В 1535 году Франция учредила постоянное посольство при Блистательной Порте – такое название носили ворота в стамбульский дворец Топкапы, где принимали иностранных послов, и – по метонимии – так в дипломатических кругах стали называть саму Османскую империю. Турецкие корабли зимовали в Марселе и предпринимали совместные с французами атаки на Италию и Испанию. Французский флот потом зимовал в Стамбуле, и союзники вели свои кампании до тех пор, пока Франциск и Карл не заключили наконец перемирие. Вскоре после этого Франциск пригласил своего противника в Шамбор.

Оттепель вскоре снова сменилась заморозками. Агенты Карла V совершили покушение на посла Франциска в Порте, и снова христиане объединились с мусульманами, чтобы сражаться против христиан [584]. Корабли Барбароссы соединились с французским флотом и разорили Ниццу, принадлежавшую тогда стороннику Карла V, впрочем, союзники произвели на бывшего пирата отнюдь не благоприятное впечатление, как гласит о том известный анекдот. «Твоим морякам обязательно заполнять бочки вином вместо пороха?» [585] – спросил он любящего выпить французского адмирала. Когда тридцать тысяч матросов и солдат турецкого флота зимовали в Тулоне, Франциск приказал всему населению покинуть город и превратил городской собор в мечеть. Союз турок и французов сохранялся и после сокрушительного поражения османского флота в битве при Лепанто в 1571 году, еще одной осады турками Вены в 1683 году и вплоть до XIX столетия.

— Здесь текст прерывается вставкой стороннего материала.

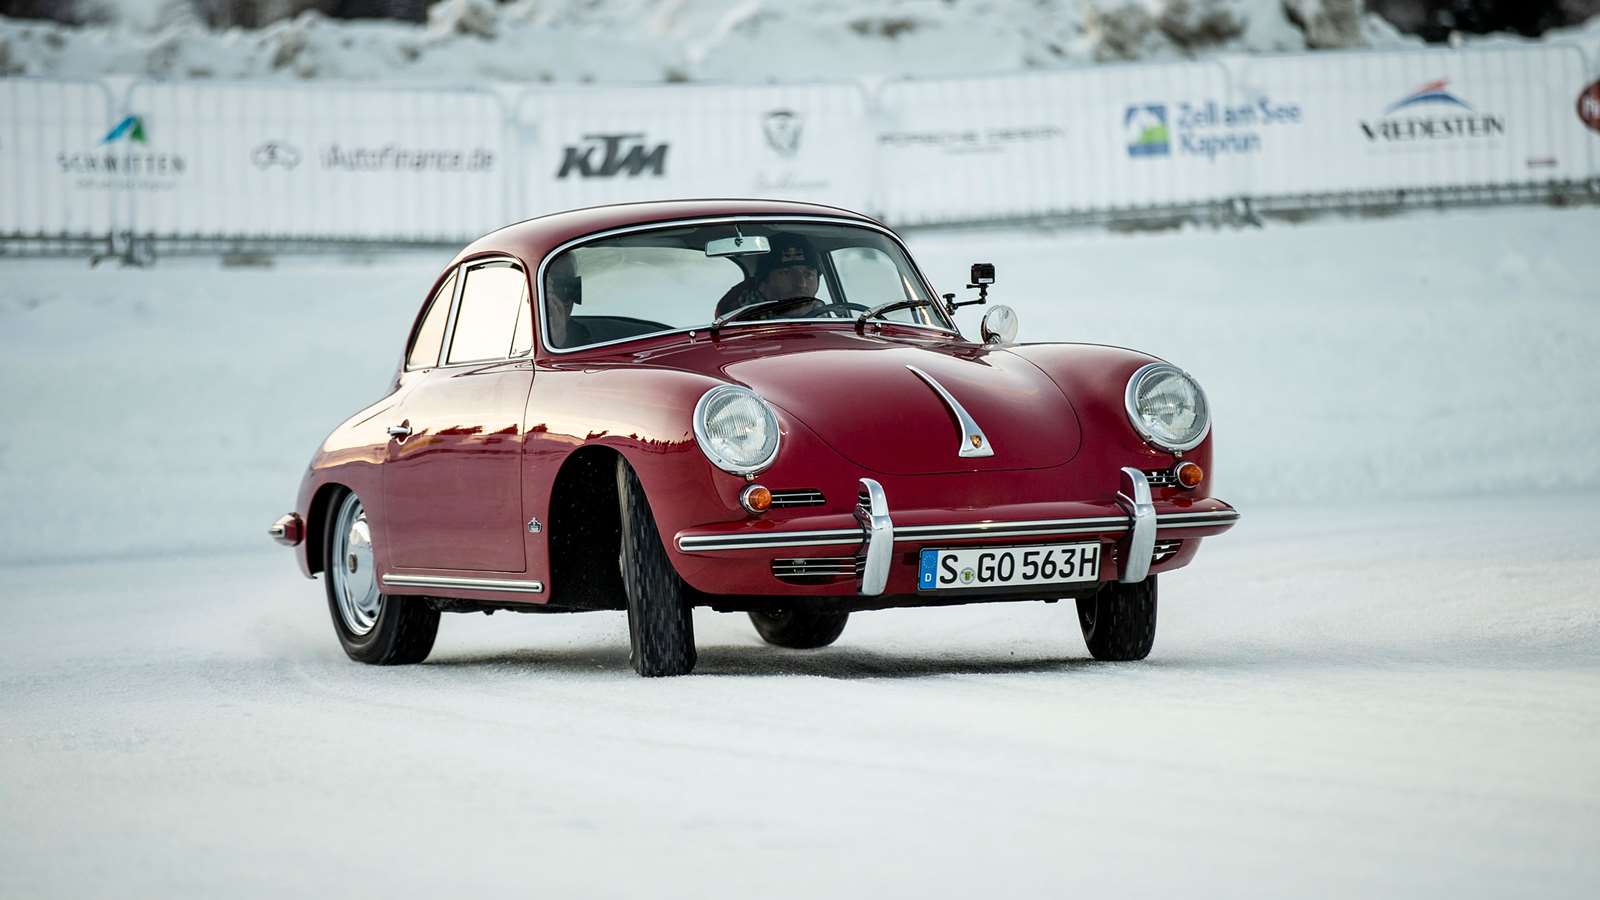 A red Porsche 356.

Франция была не единственной европейской державой, обращавшей свои взоры на Стамбул. В 1578 году английский предприниматель Уильям Харборн приплыл в Блистательную Порту засвидетельствовать свое почтение султану Мураду III. В следующем году завязалась длительная переписка между Мурадом и королевой Елизаветой I. В ответ на первое письмо Елизавета послала султану богато украшенные дорожные часы и – более провокационно – большое количество свинца для изготовления боеприпасов, значительная часть которого была снята с крыш католических монастырей. Елизавета не впервые вступала в контакт с мусульманской страной: она уже дала разрешение на продажу доспехов и ядер в Марокко и отправляла теплые письма и послов к его правителю.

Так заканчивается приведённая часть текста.